При этом лицо механика исказилось, словно от приступа хронической зубной боли.
- Ну, ты садист, докторюга, похлеще моей жены! Ей сразу отдай, тебе отдай, ну ни минутки не даете себя Рокфеллером почувствовать!
- Коммунист Крепский, прошу не путать супружеский долг с партийным! - с надлежащей долей серьезности, наставительно изрек доктор.
Все, кто находился в ЦП и стал свидетелем "сцены", начали давиться со смеху. Обиженный командир БЧ-5 резко вскочил на ноги и заорал на сразу притихший отсек:
- Хватит ржать! Лучше отсек готовьте "по-штормовому", а то сейчас всем дам прохохотаться: и партийным, и антифашистам!!!
После чего решительно двинулся по лодке проверять исполнение отданного им приказания…
Партвзносы он, разумеется, заплатил. Принимая от него деньги, доктор язвительно прошептал:
- Да не слепятся стенки вашего кошелька, сэр!
За что сходу был послан куда подальше...
До полигона "Л-33" лодка шла около пяти часов. Как и обещал прогноз, северный ветер изрядно помотал корабль, слегка оморячив молодой призыв. На подходе к полигону командир прошел по кораблю, решив самолично ознакомиться с обстановкой в отсеках и, в особенности, состоянием молодых матросов. Плохое крепление имущества "по-штормовому" позволило стихии в ряде жилых отсеков поставить все "с ног на уши". В неописуемой смеси по отсекам валялись рассыпанные шахматы, домино, шашки и личные вещи, обильно смоченные, к тому же, содержанием матросских желудков.

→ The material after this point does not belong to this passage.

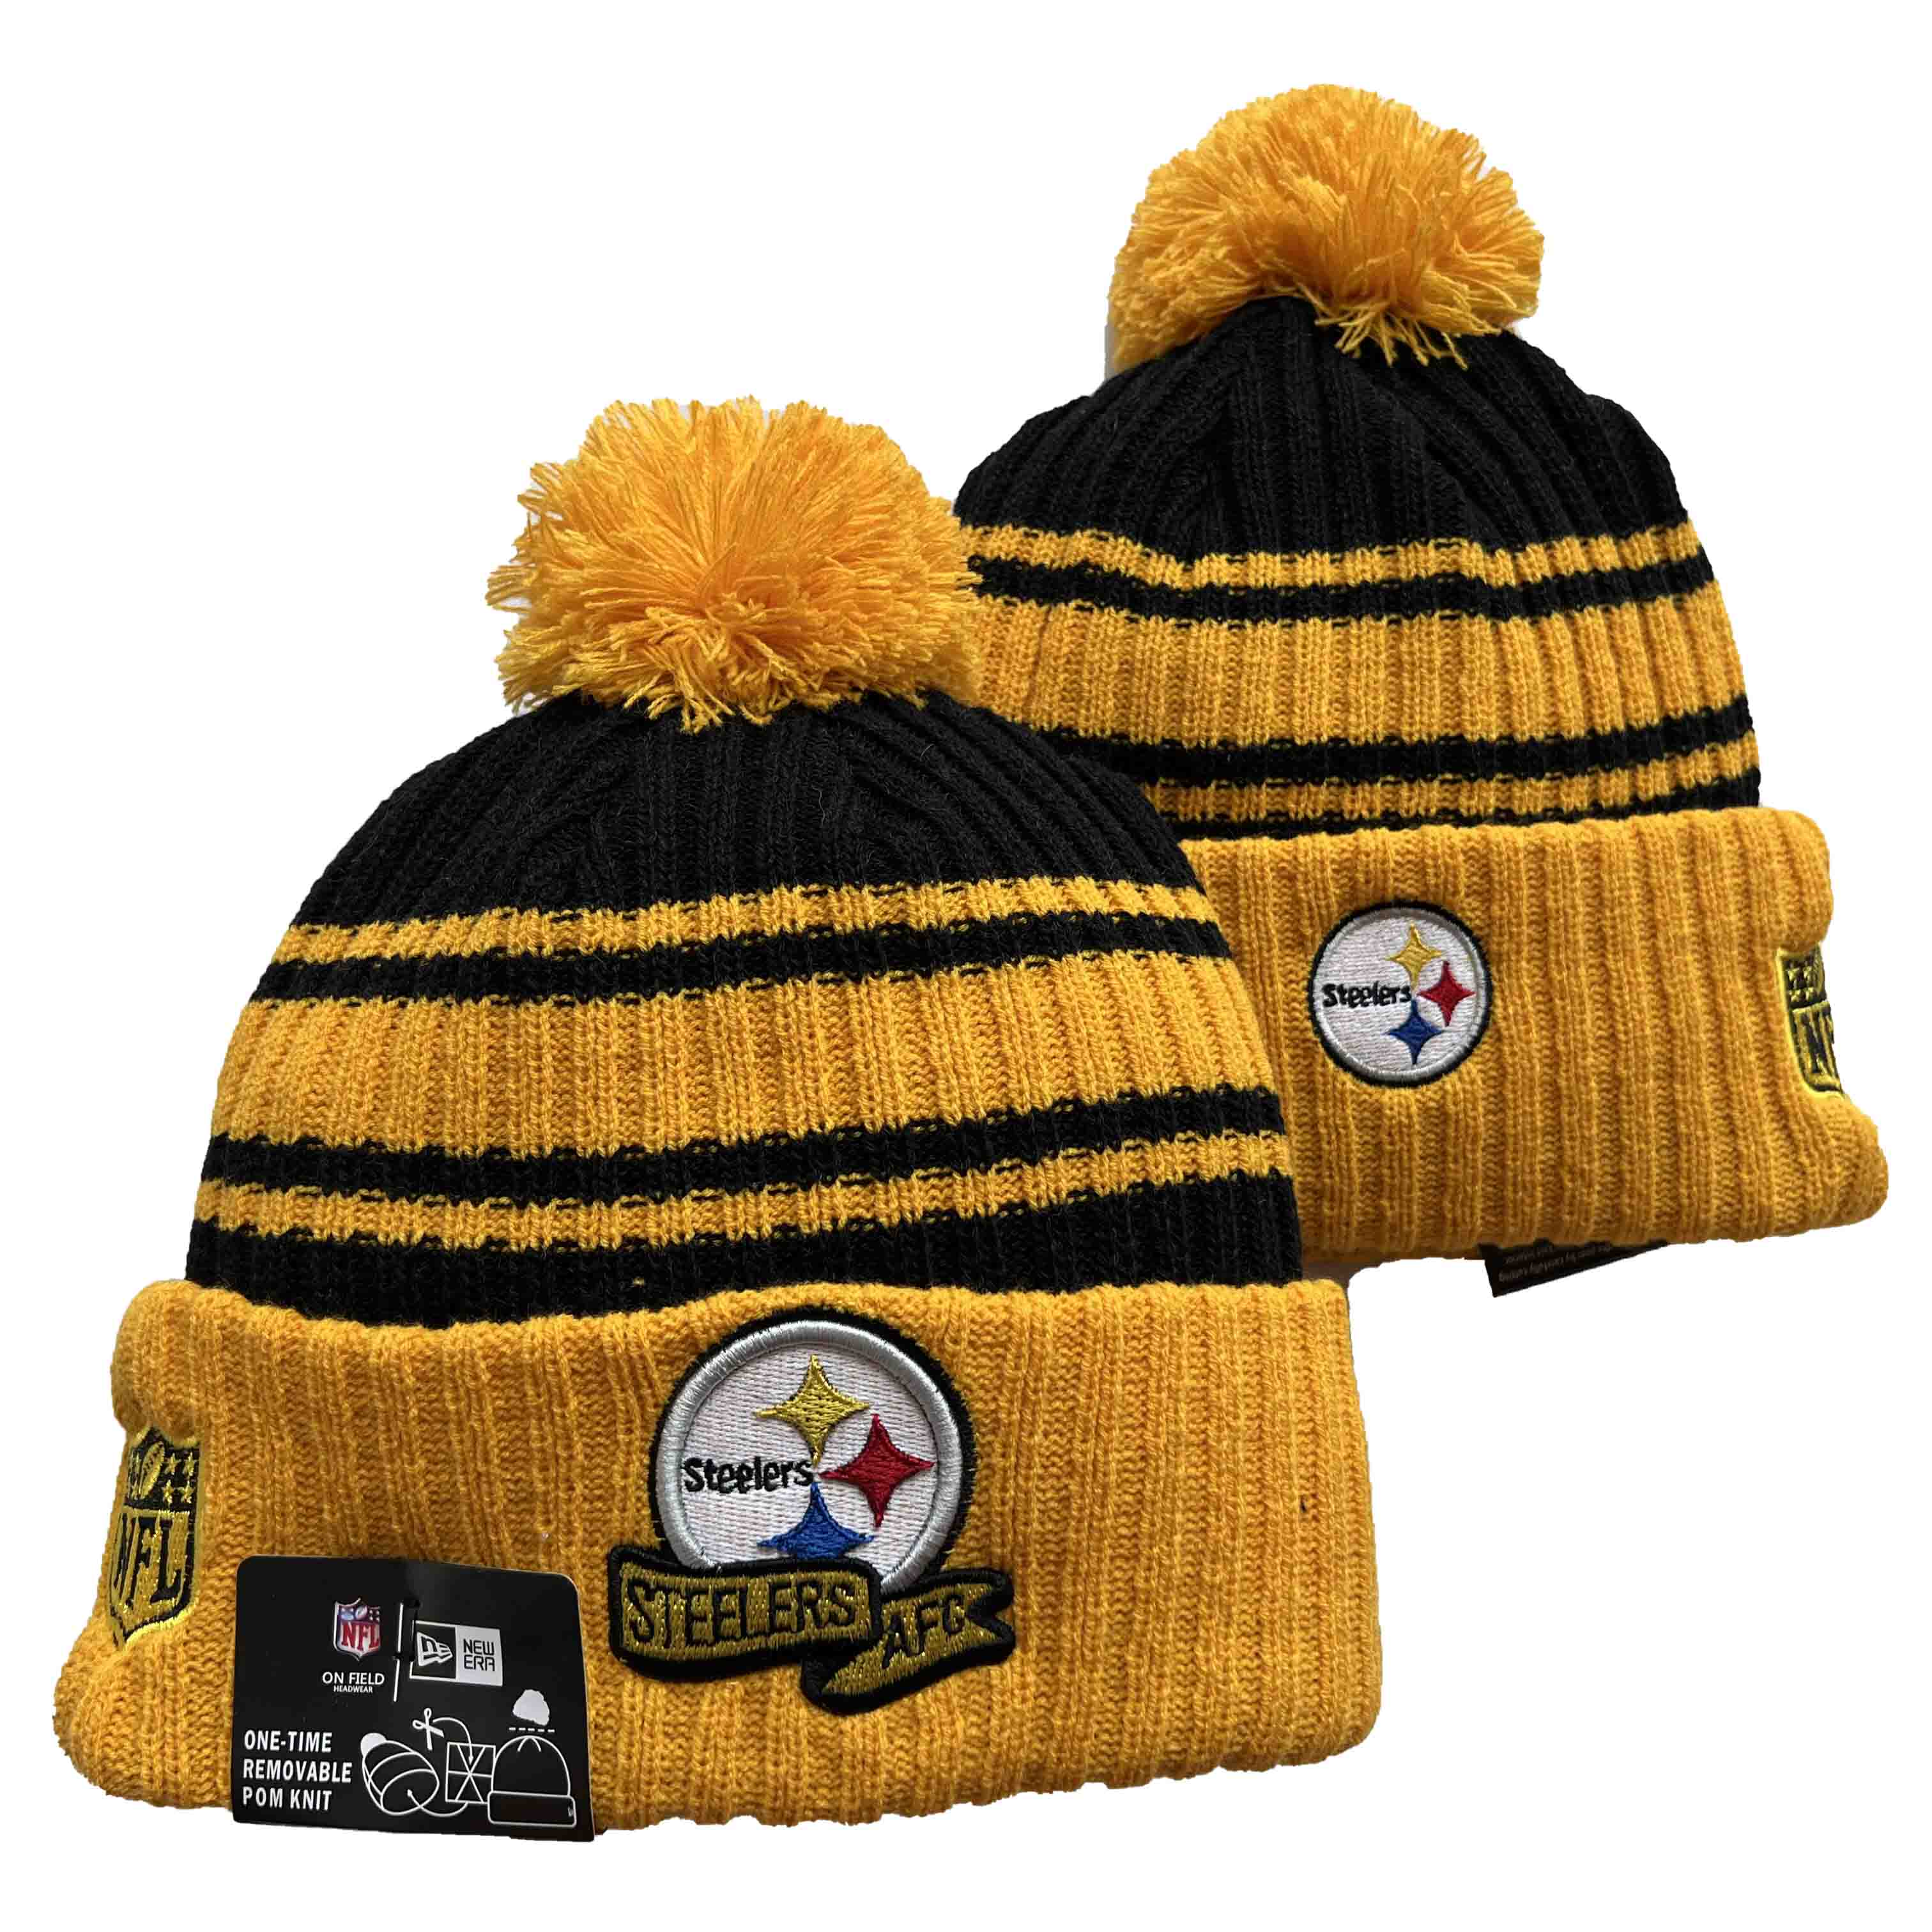 NFL Pittsburgh Steelers Beanies Knit Hats-YD1163

На койке в 7-м отсеке командир обнаружил молодого матроса, призванного из Туркмении. Матрос сидел на палубе в наглухо застегнутом бушлате с поднятым воротником, в зимней шапке с опущенными и плотно завязанными ушами. На "иссиня-вороненом" от рождения и загара лице явственно проступала бледность. Зрачки глаз закатились, на губах выступила пена. Не на шутку встревоженный, командир тряхнул его за плечо и поинтересовался:
- Товарищ матрос, вам плохо?
Реакция матроса обескуражила. Его щелочки-глаза раскрылись, и ничего не выражающий взгляд заструился сквозь сталь прочного корпуса прямиком в беснующееся море. Вдруг он заголосил - протяжно и тоскливо, словно зверь пустыни. Некоторые слова можно было почти точно разобрать: "Зачем меня, мама, малъчик родила? Лючше - дэвочка, болше морэ не пайду, лючше - турма.. а... а!".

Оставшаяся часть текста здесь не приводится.